Clinical pharmacists actively contribute to managing off-label drugs in children, as the experts indicated in their interviews [ 69 , 70 , 71 , 72 ]. However, the study identified communication barriers between pharmacists and physicians, which is consistent with the findings [ 73 ]. On the one hand, the idea of the doctor as a leader is ingrained in the medical profession. The power gap between doctors and pharmacists makes doctors seem unapproachable to pharmacists [ 74 , 75 ]. On the other, most clinical pharmacists in China originally trained as ordinary pharmacists and went on to finish a year of continuing clinical pharmacy education [ 76 , 77 ]. A need for more clarity of duty and role conflict among clinical pharmacists is frequently the result of shorter training programs and quick duty transitions [ 76 ]. The wide range mainly demonstrates this in clinical pharmacist competence [ 78 ], which has caused physicians to need more faith in their expertise [ 73 ]. In order to improve the communication effectiveness of pediatric off-label use of drug management, it is suggested to investigate appropriate communication strategies and establish networks for communication between doctors and pharmacists according to the CFIR-ERIC map [ 26 , 32 ]. For instance, physician-pharmacist-patient communication has become more effective and satisfying thanks to the situation-background-assessment-recommendation (SBAR) standardized communication model [ 79 , 80 ].

To our knowledge, this study significantly reduces the implementation gap in managing children’s off-label drug use. We systematically identified and analyzed the “Guideline for the Management of Pediatric Off-Label Use of Drugs in China” implementation challenges using the CFIR framework and gave suggestions for implementing the Guideline. In this study, we investigated the perspectives of healthcare professionals in various hospital roles on the management of children’s off-label drug use. We provided a reference for the standardized management of children’s off-label use of drugs.

Limitations

The study also has some limitations. Firstly, only the key stakeholders in the Guideline—the head of pediatrics, the head of the pharmacy, and the medical department director were included in the study, whichmeans that not all influencing factors were identified. Still, since all participants have rich experience in the field and experience managing off-label drug use in children, we believe they are more representative. Second, quotations with codes were translated into English from the expert interviews and data analysis done in Chinese. Although no researchers of the international collaborative team had read the original transcripts, a consensus was reached through an iterative process and triangulation to ensure the objectivity of the data collection and analysis.

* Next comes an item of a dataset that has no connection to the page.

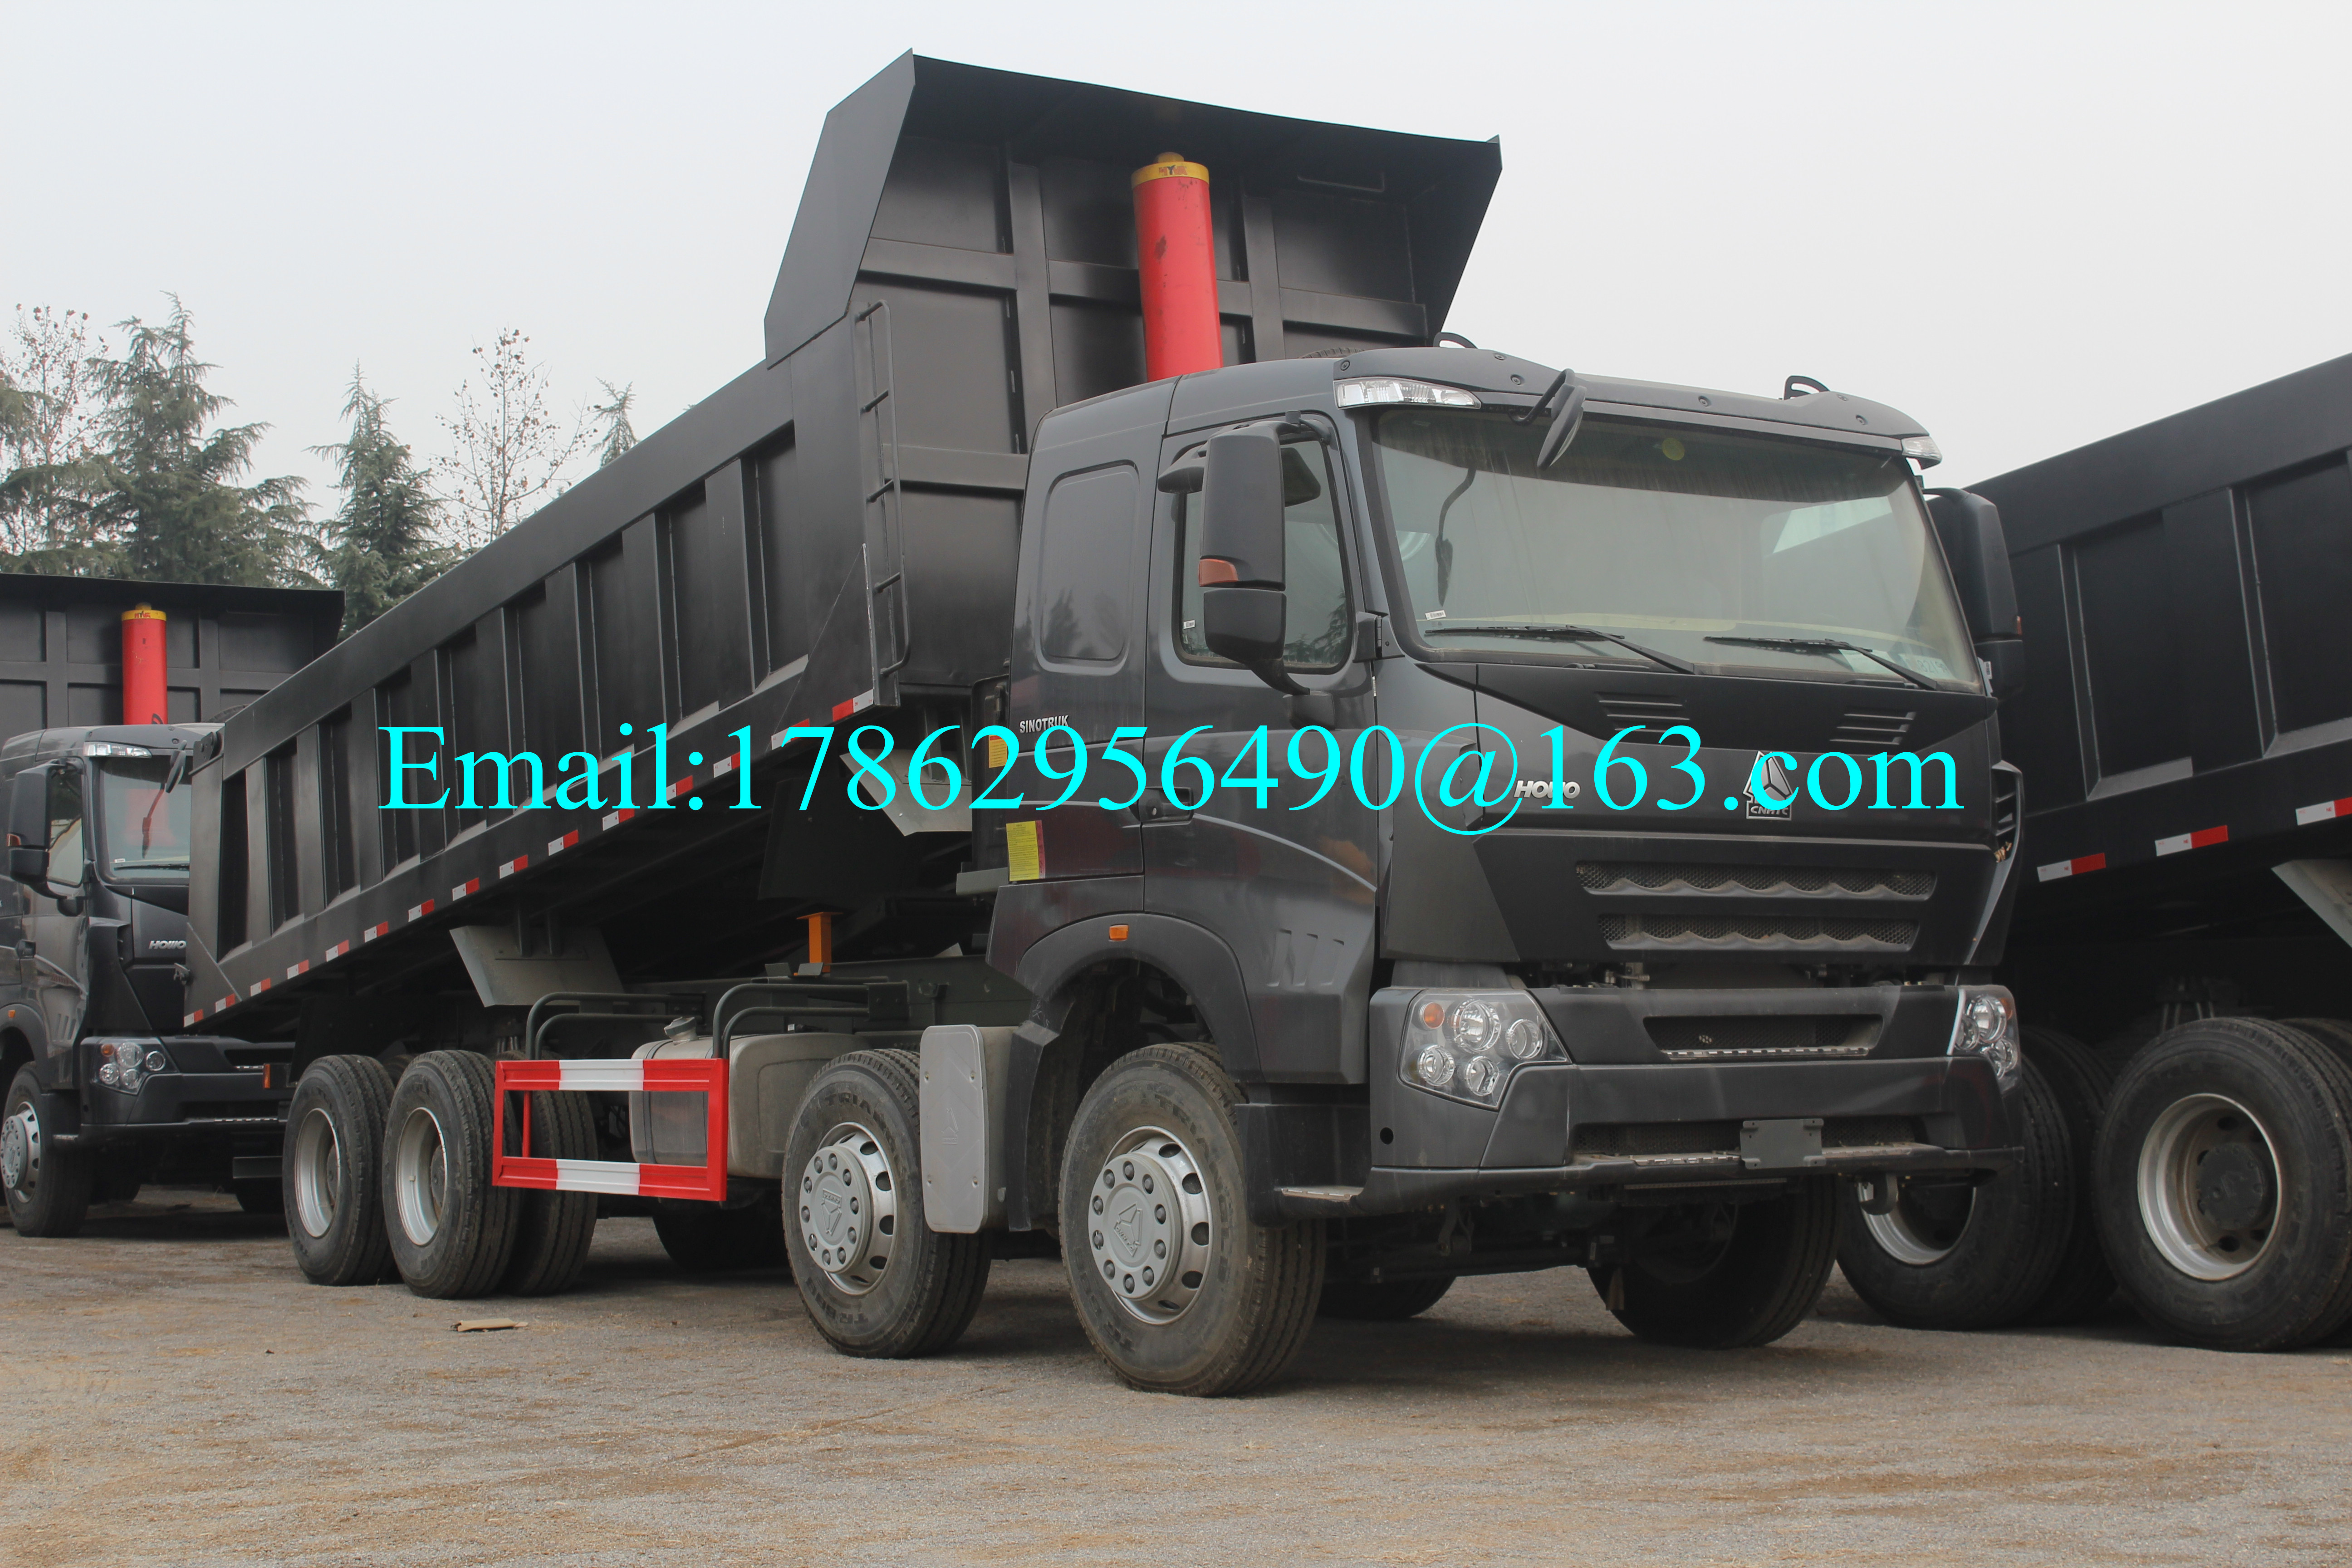 Black 371 HP 8x4 Tugas Berat Dump Truck Dengan ZF8118 Kemudi Gear Box Dan HW76 Cab

Implications for further research and clinical practice

Planning the implementation of guidelines, including a good fit between implementation strategies, relevant interventions, and contexts, is more complicated and demanding [ 81 ]. The findings of this study indicate that future complex interventions for the Guideline will be necessary because of several influencing factors. It is advised that future intervention studies be designed using the new framework for complex interventions, which includes intervention development or identification, feasibility, assessment, and implementation [ 82 ]. Partnership, target population-centered, evidence, and theory-based, implementation-based, efficiency-based, stepped or phased, intervention-specific, and combination are currently recommended intervention development and design methodologies [ 83 ]. Combining the Chinese implementation settings will be possible concerning numerous implementation strategies, such as workflow and regulation optimization, assessment tool development, resource input, or multidisciplinary collaboration [ 84 ]. Consequently, complex interventions may be established to encourage the implementation of guidelines at various levels of the hospital setting. In addition, appropriate process evaluation methods should be adopted to comprehend and better understand the causal mechanisms and contextual factors associated with outcome change [ 85 , 86 ].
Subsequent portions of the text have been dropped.